I am running a regression of a continuous variable on a number of
independent variables that include two categorical variables (age and income). There are 4 income categories and 9 age categories. This means I need 3+8=11 dummy vars. I understand that SPSS automatically takes one income category and one age category as the reference categories if I use 4 +9 dummies and enter them into the regression using When I use the syntax /regression /dependent=VarY /method = enter Var 1....Inc1 Inc2 Inc3 inc4 age1 age2..........age9 . These are returned in an excluded vars table after the coefficients table?
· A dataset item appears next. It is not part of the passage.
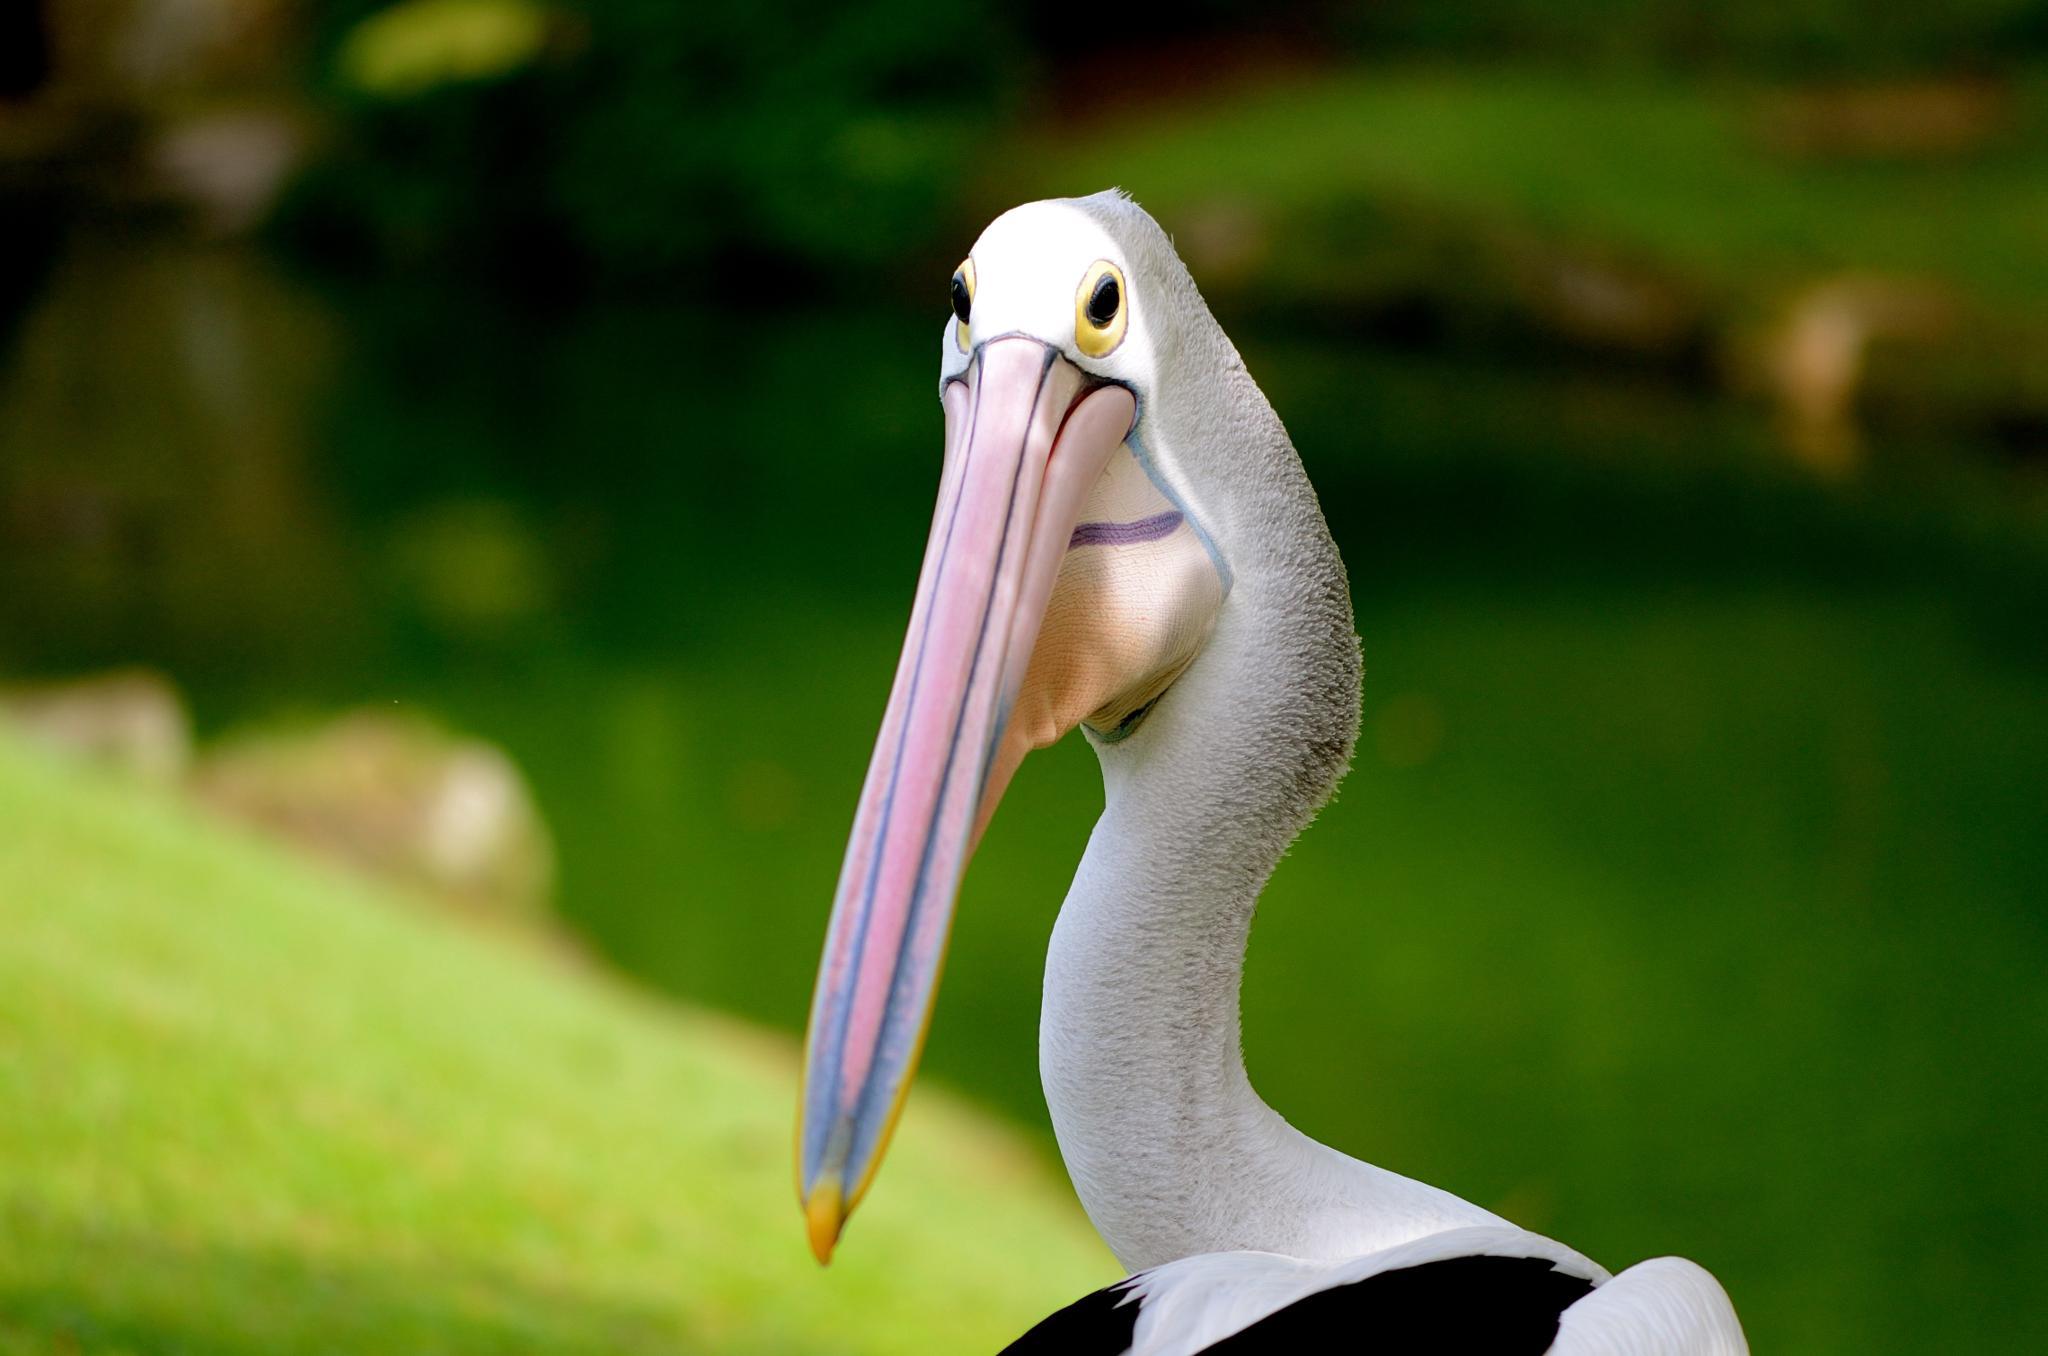 Long Beak by Yulius B Susilo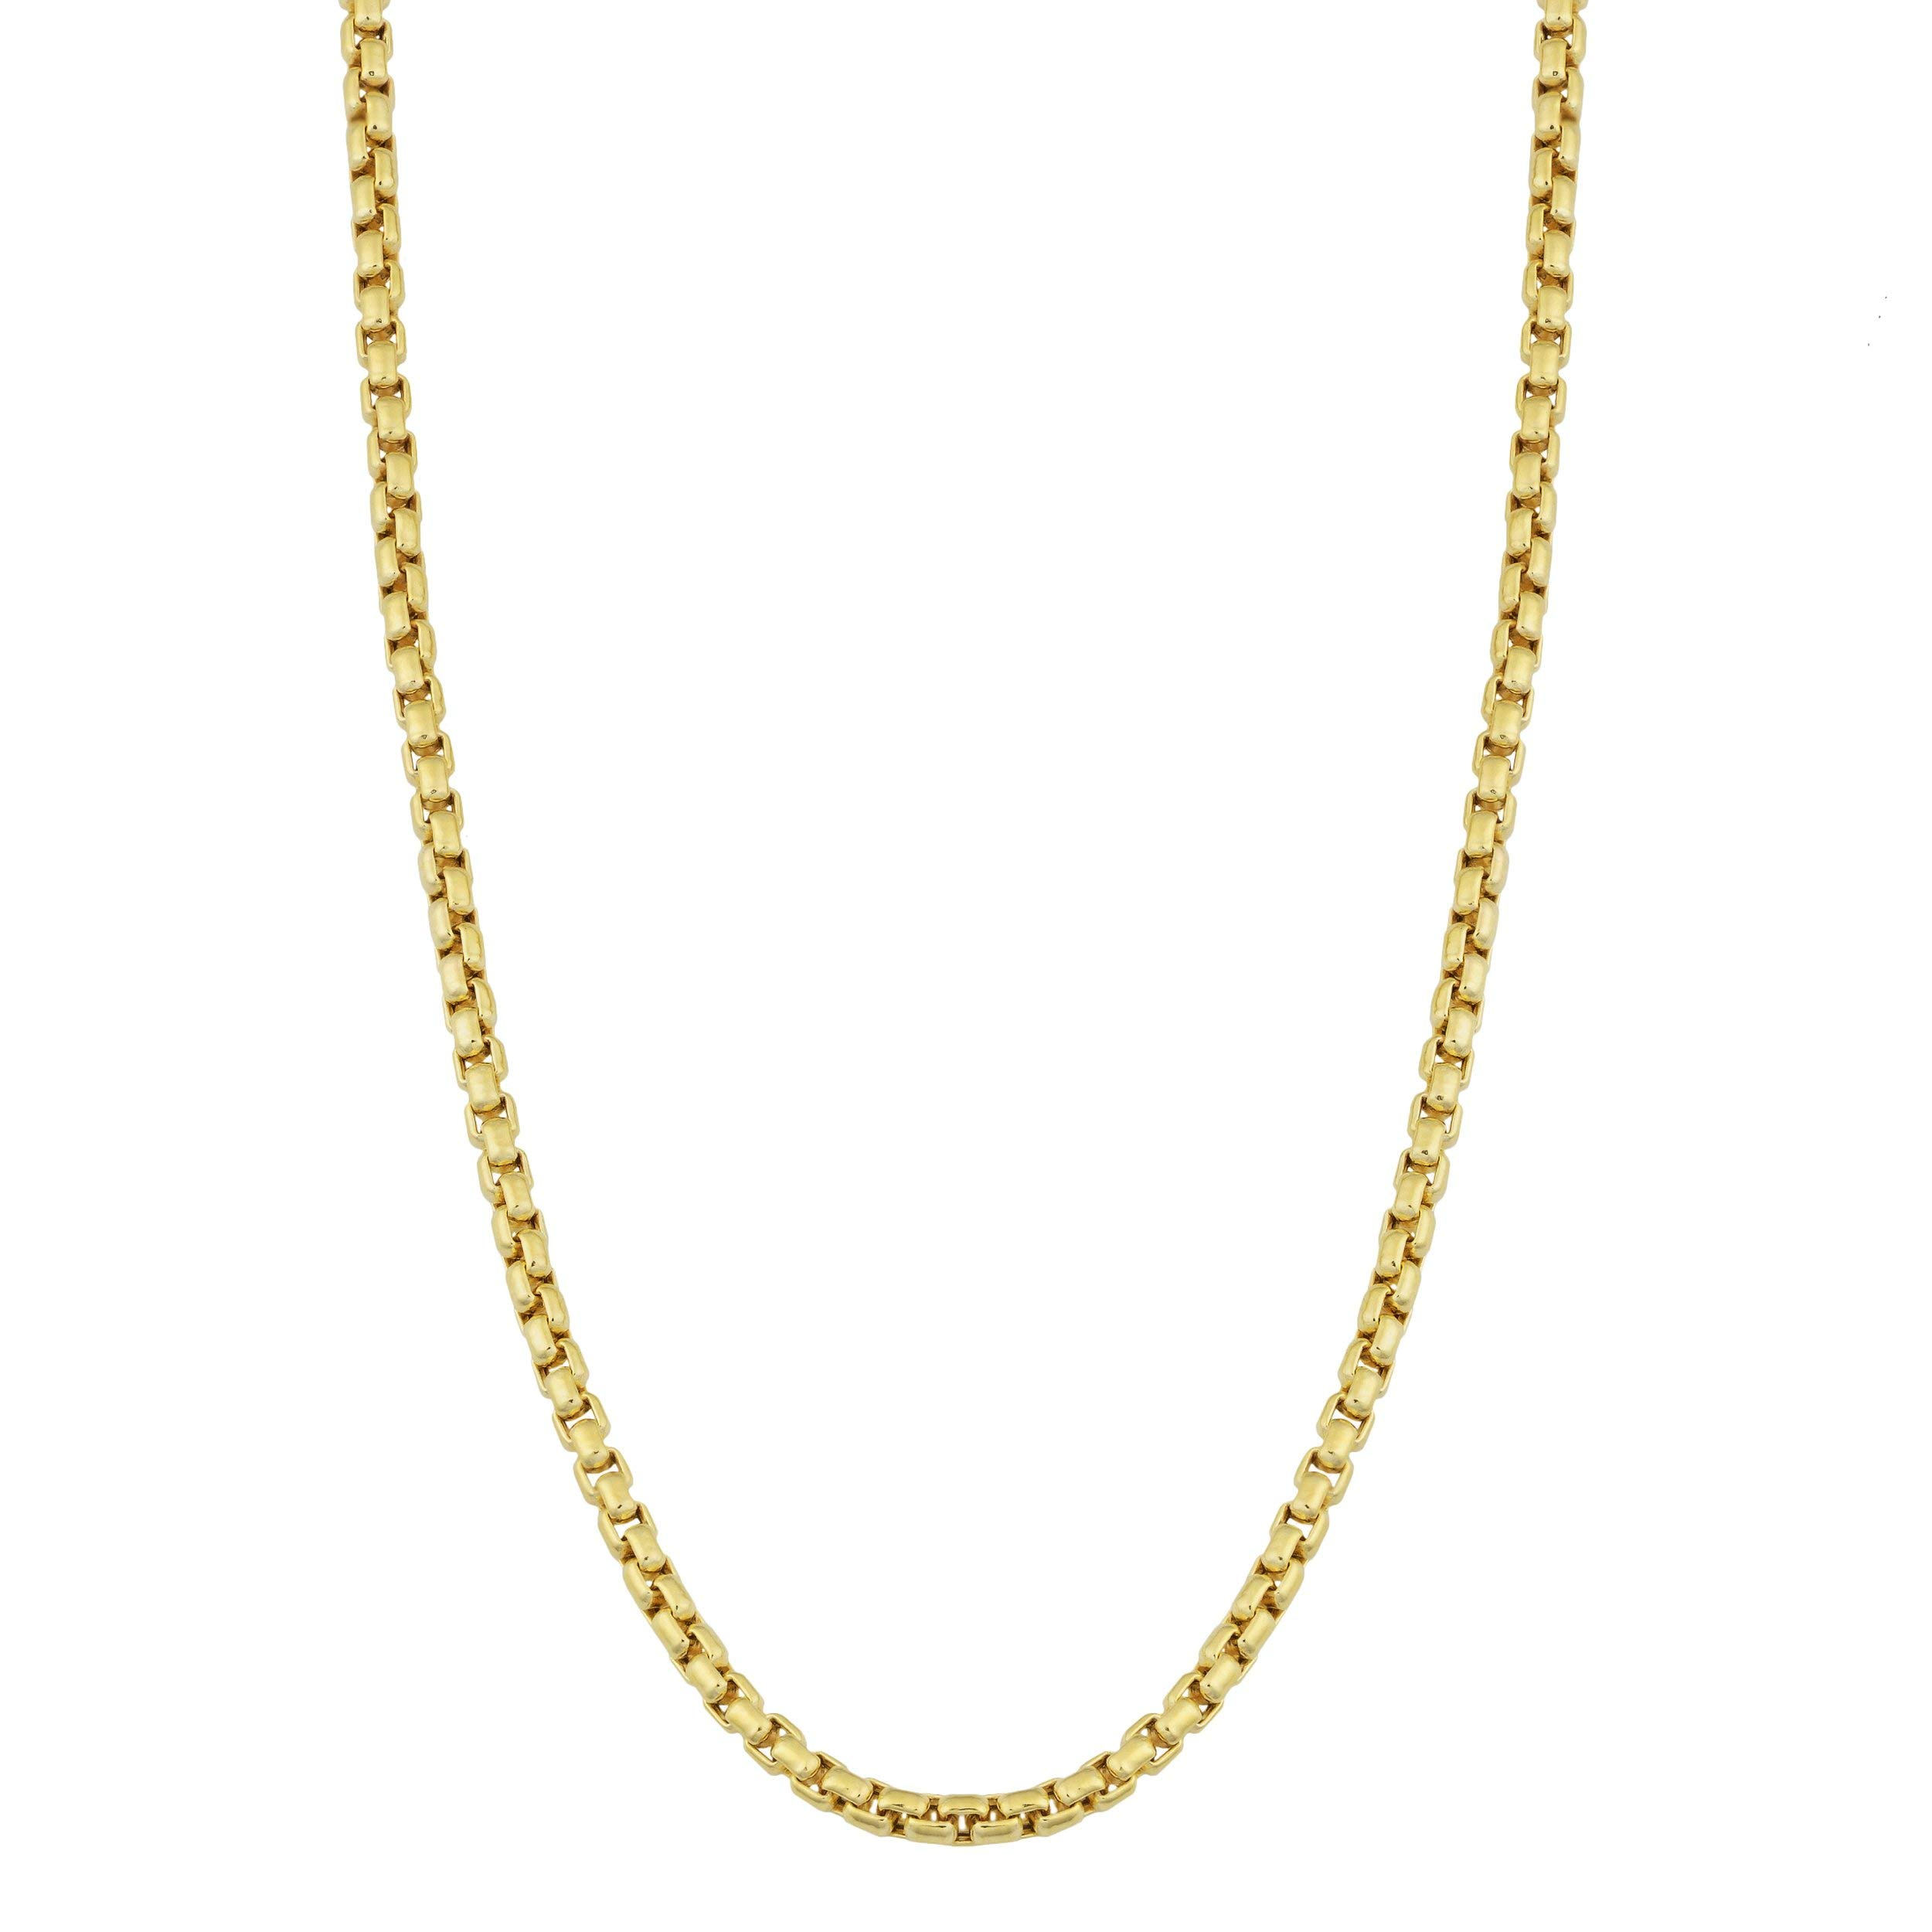 Verona Jewelers 10K Yellow Gold 2MM Round Box Chain Necklace, 10K Box Necklace, 10K Gold Necklace, 10K Gold Pendant Necklace 18-30 (30, 2MM)

Now when running this regression for different regions ( too many regions so Im evaluating the regression separately for each region)--i sometimes get 2 age categories in the excluded vars table. Also, for one region , i get no excluded vars table..what to do? |
Actually, SPSS does not "automatically takes one category as the reference category", but SPSS excludes variables when tolerance too low. One dummy is excluded because it can be perfectly predicted from the dummies for the other categories, thus tolerance zero, thus excluded. (all categories can be perfectly predicted from the dummies for the other categories; which one is excluded is arbitrary)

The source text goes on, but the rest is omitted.